Opinion
CASE NO. 03-CV-70679-DT
February 24, 2003
OPINION AND ORDER OF SUMMARY DISMISSAL
I. Introduction
The Court has before it Plaintiff Albert Lawrence Bomer, Jr.'s pro se civil rights complaint filed pursuant to 42 U.S.C. § 1983. This Court has granted Plaintiff's application to proceed without prepayment of the filing fee. See 28 U.S.C. § 1915(a). Plaintiff is a state prisoner currently confined at the Chippewa Correctional Facility in Kincheloe, Michigan. In his complaint, Plaintiff alleges that his appellate defense counsel failed to obtain transcripts and to properly represent him on an appeal in state court thereby violating his constitutional rights. Plaintiff seeks monetary damages. Having reviewed Plaintiff's complaint, the Court now dismisses it pursuant to 28 U.S.C. § 1915(e)(2)(B) for failure to state claims upon which relief may be granted.
II. Discussion
Plaintiff has been granted in forma pauperis status. Under the Prison Litigation Reform Act ("PLRA"), the Court is required to sua sponte dismiss an in forma pauperis complaint before service on a defendant if it determines that the action is frivolous or malicious, fails to state a claim upon which relief can be granted, or seeks monetary relief against a defendant who is immune from such relief. 42 U.S.C. § 1997(e)(c); 28 U.S.C. § 1915(e)(2)(B). A complaint is frivolous if it lacks an arguable basis either in law or in fact. Denton v. Hernandez, 504 U.S. 25, 31 (1992); Neitzke v. Williams, 490 U.S. 319, 325 (1989).
To state a claim under 42 U.S.C. § 1983, a plaintiff must allege that (1) he was deprived of a right, privilege, or immunity secured by the federal Constitution or laws of the United States, and (2) the deprivation was caused by a person acting under color of state law. Flagg Bros. v. Brooks, 436 U.S. 149, 155-57 (1978); Brock v. McWherter, 94 F.3d 242, 244 (6th Cir. 1996). A pro se civil rights complaint is to be construed liberally. Haines v. Kerner, 404 U.S. 519, 520-21 (1972); Jones v. Duncan, 840 F.2d 359, 361 (6th Cir. 1988). Despite the liberal pleading standard accorded pro se plaintiffs, the Court finds that Plaintiff's complaint is subject to dismissal under 28 U.S.C. § 1915(e)(2)(b) for failure to state a claim upon which relief may be granted.

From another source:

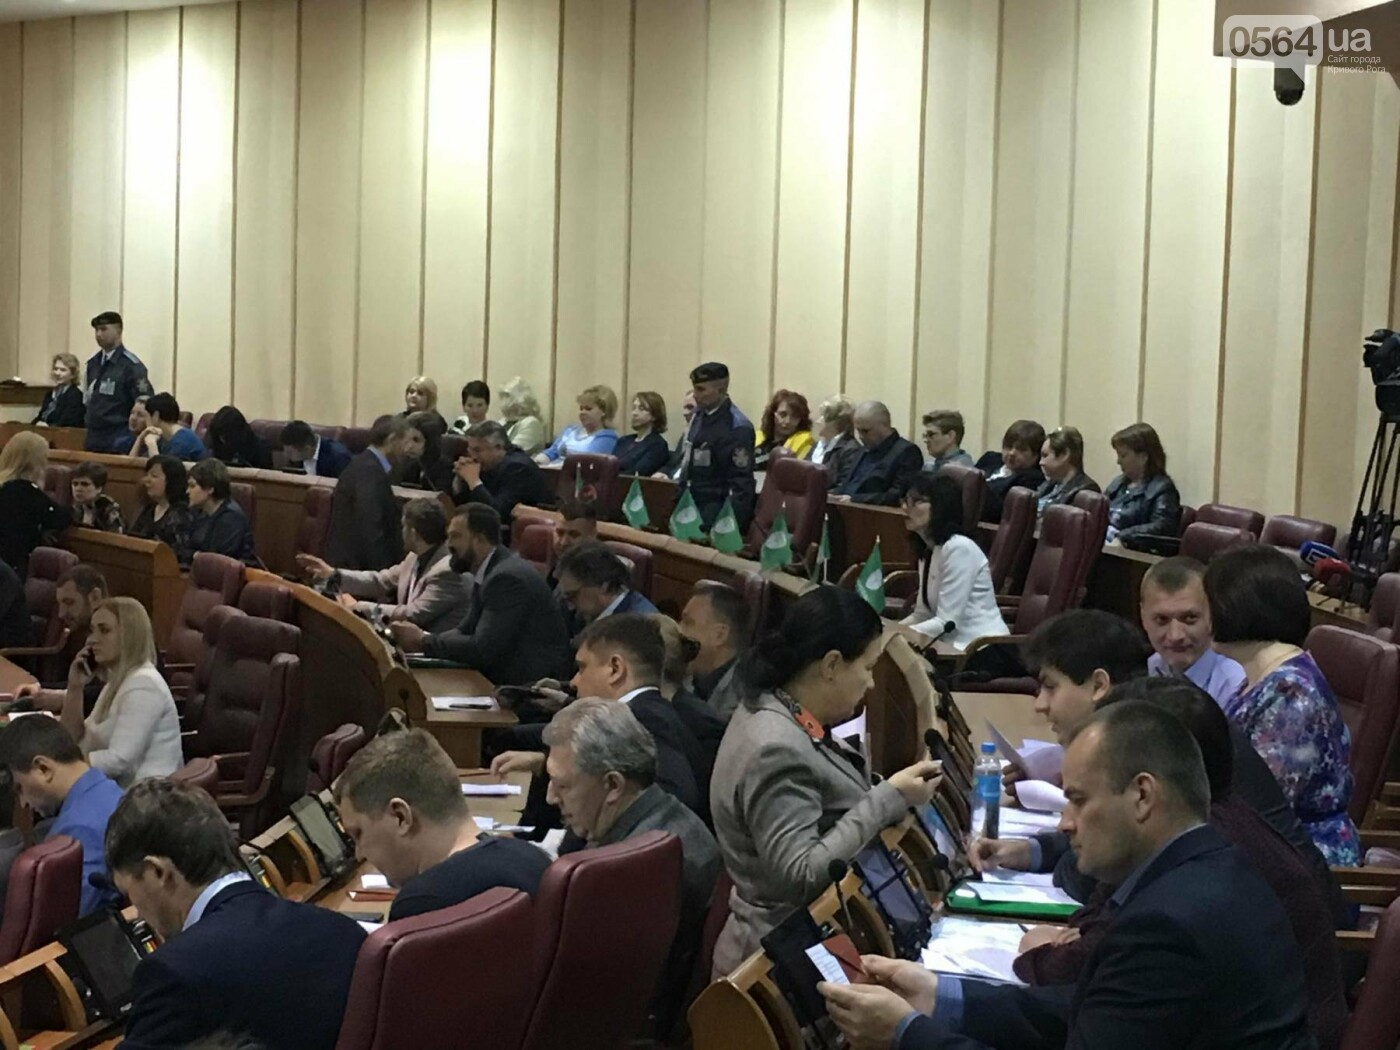 """""""Промэрское"""" большинство в Криворожском горсовете утвердило повестку дня сессии без предложений депутатов не из большинства (ФОТО), фото-14"""

A claim under § 1983 is an appropriate remedy for a state prisoner challenging a condition of his imprisonment. Preiser v. Rodriguez, 411 U.S. 475, 499 (1973). In this case, however, it is clear that Plaintiff is actually seeking habeas corpus relief, inasmuch as his claims address the validity of his imprisonment. Ruling on the claims raised would necessarily imply the invalidity of his continued confinement. Such claims are not properly brought under 42 U.S.C. § 1983. See Heck v. Humphrey, 512 U.S. 477, 486-87 (1994) (holding that a state prisoner does not state a cognizable civil rights claim challenging his conviction or imprisonment if a ruling on his claim would necessarily render his continuing confinement invalid, until and unless the reason for his continued confinement has been reversed on direct appeal, expunged by executive order, declared invalid by a state tribunal, or has been called into question by a federal court's issuance or a writ of habeas corpus under 28 U.S.C. § 2254). This holds true regardless of the relief sought by the plaintiff. Id. at 487-89. Given that Plaintiff challenges his appellate representation and his continued confinement, his § 1983 claims must be dismissed.
Additionally, Plaintiff's appellate attorney is not subject to suit under § 1983 since he is not a state actor. See Polk Co. v. Dodson, 454 U.S. 312, 325 (1981) ("[A] public defender does not act under color of state law when performing a lawyer's traditional functions as counsel to a defendant in a criminal proceeding."). Accordingly, Plaintiff's claim against Mr. Mueckenheim must be dismissed.
III. Conclusion
For the reasons stated, the Court concludes that Plaintiff has failed to state a claim upon which relief may be granted. Accordingly, the Court DISMISSES Plaintiff's complaint pursuant to 28 U.S.C. § 1915(e)(2)(b).
Additionally, the Court concludes that an appeal from this order would be frivolous and therefore cannot be taken in good faith. See 28 U.S.C. § 1915(a)(3); Coppedge v. United States, 369 U.S. 438, 445 (1962); McGore v. Wrigglesworth, 114 F.3d 601, 610-11 (6th Cir. 1997).